I don't locate with mine. I usually show the ho's on the screen right before I put the camera in, they usually chuckle, if they have kids it becomes fun.

In Christ,

Song Dog


----------



## WestCoastPlumber (Jun 17, 2008)

threaderman said:


> When you guys say camera ,are you also including line locating or just the visual?As long as I'm putting the camera in I usually locate it at the same time.


 
Location is really easy, I use the ridgid scout. I also leave the customers their sewer on DVD.


----------



## threaderman (Jun 17, 2008)

Agreed,I use the sr-20 and it's a sweet tool.


----------



## smellslike$tome (Jun 16, 2008)

WestCoastPlumber said:


> Location is really easy, I use the ridgid scout. I also leave the customers their sewer on DVD.

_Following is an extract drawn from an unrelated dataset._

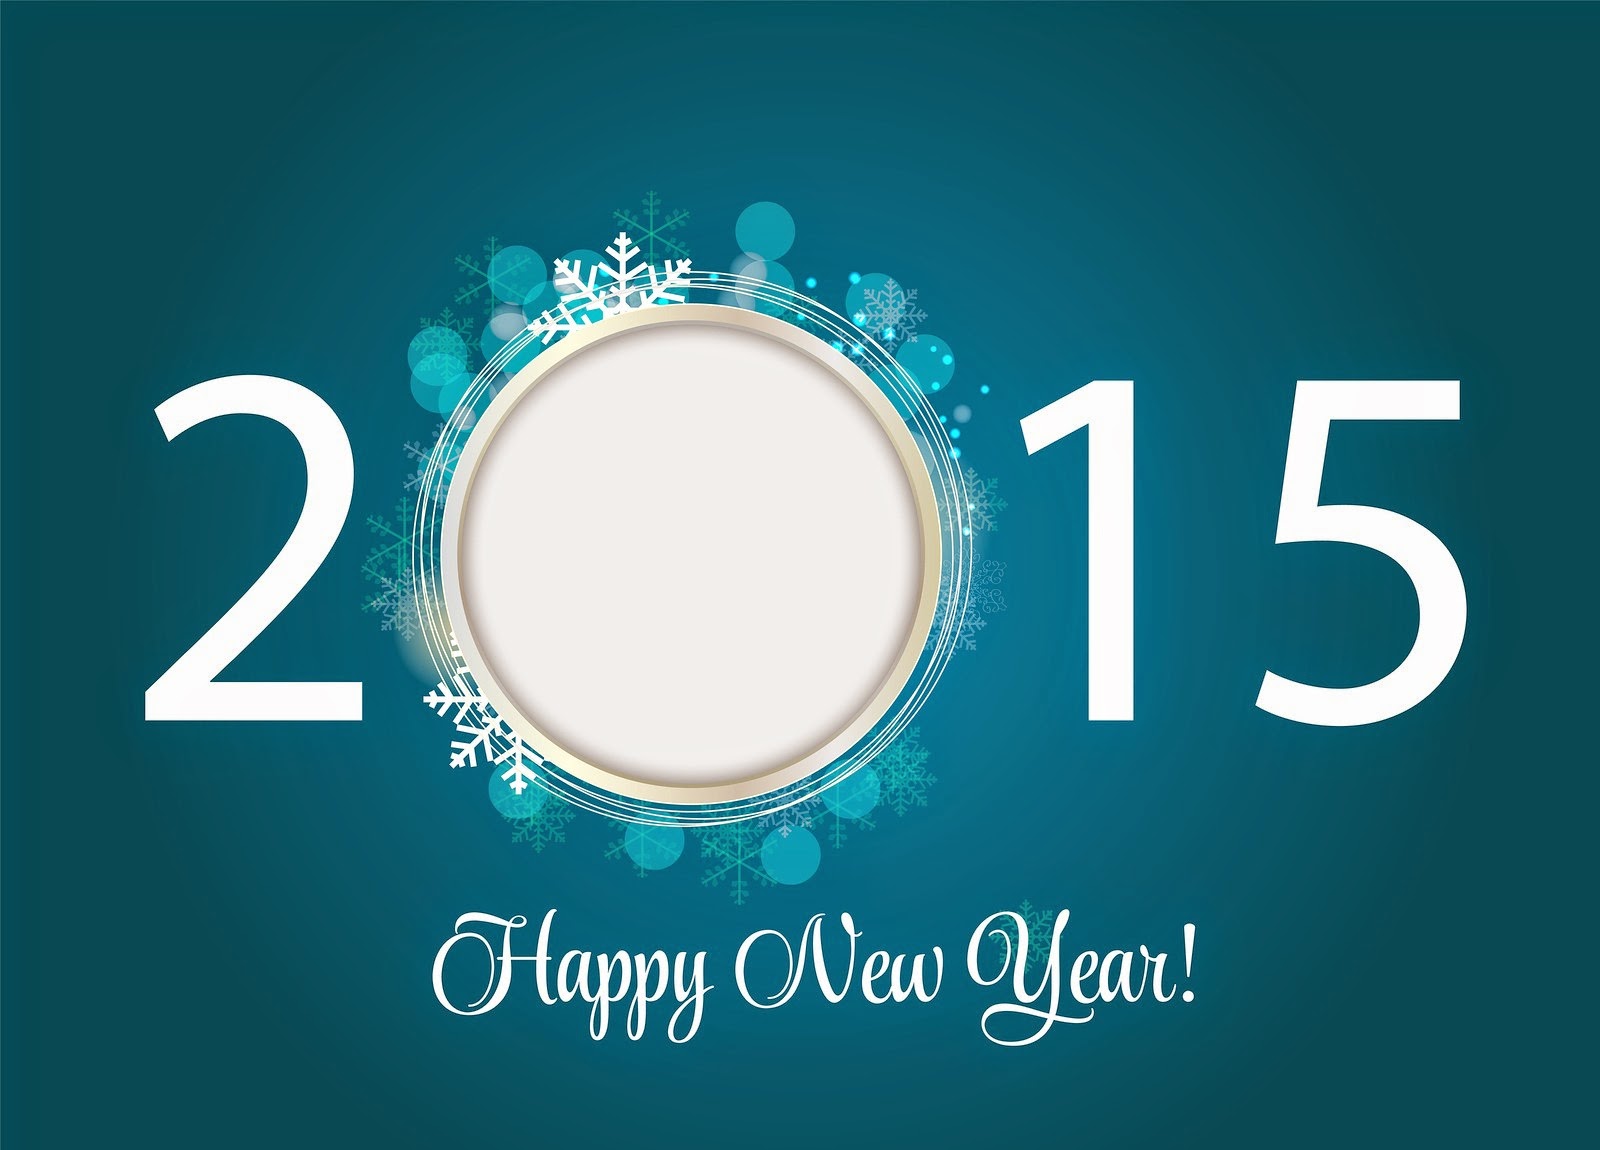 Happy New Year 2015 Wallpaper

I have an older Spartan that has VHS. I really don't offer the VHS anymore after my buddy asked me one day what kept the ho from using the VHS I provide them with to price shop me with other plumbers. I had to respond "I don't know." A picture is worth a thousand words and I want the ho to see it "live" but I certainly don't want to make it easy on my competition. If the ho wants a second opinion, fine, pay someone else to run their camera. Can you imagine the outrage of getting low balled by some guy that doesn't even own a camera who used your video to bid the job?!


----------



## smellslike$tome (Jun 16, 2008)

Oh yeah, $239 for cable from an outside clean out. $425 for the jetter. 3/8" cable (mini rooter) only, from the roof. If they have roots and no outside or basement/garage clean out we will sell them an in ground clean out install or they can get someone else.


----------



## DMG76 (Jun 18, 2008)

smellslike$tome said:


> Oh yeah, $239 for cable from an outside clean out. $425 for the jetter. 3/8" cable (mini rooter) only, from the roof. If they have roots and no outside or basement/garage clean out we will sell them an in ground clean out install or they can get someone else.


 
Sounds about right for my area as well


----------



## gear junkie (Jun 20, 2008)

135 for laundry, shower, tub or kitchen drain, floor drain
150 for main line w/ cleanout.
-add on 25 for single story vent access or limited access
-75 for 2 story vent or to pull a toilet
-250 for snake and camera(visual only)

Snaking comes with 90 day warranty as long as abuse of line isn't discovered and there are no offsets. Never had a callback yet. knock on wood.


----------



## That One Guy (Sep 14, 2008)

Main line, branchline, closet auger - $110.00 

$45.00 extra to pull the tiolet + Parts

Sewer roof vent $220.00 two guy's as required by the company 

Camera $165.00 $110.00 within 90 days of service or at time of

Jetter $395.00 2hr minimum 

Customer getting their picture taken with me......Priceless!


----------



## para1 (Jun 17, 2008)

*99.00 and up.*


----------



## Marlin (Aug 14, 2008)

$350/hr.
If we have to pull a toilet that's +300. It's actually more then 300 I forget the exact number.


----------



## Protech (Sep 22, 2008)

$99,$135 for main line?!?!?! I know of many handymen that charge more than that.


----------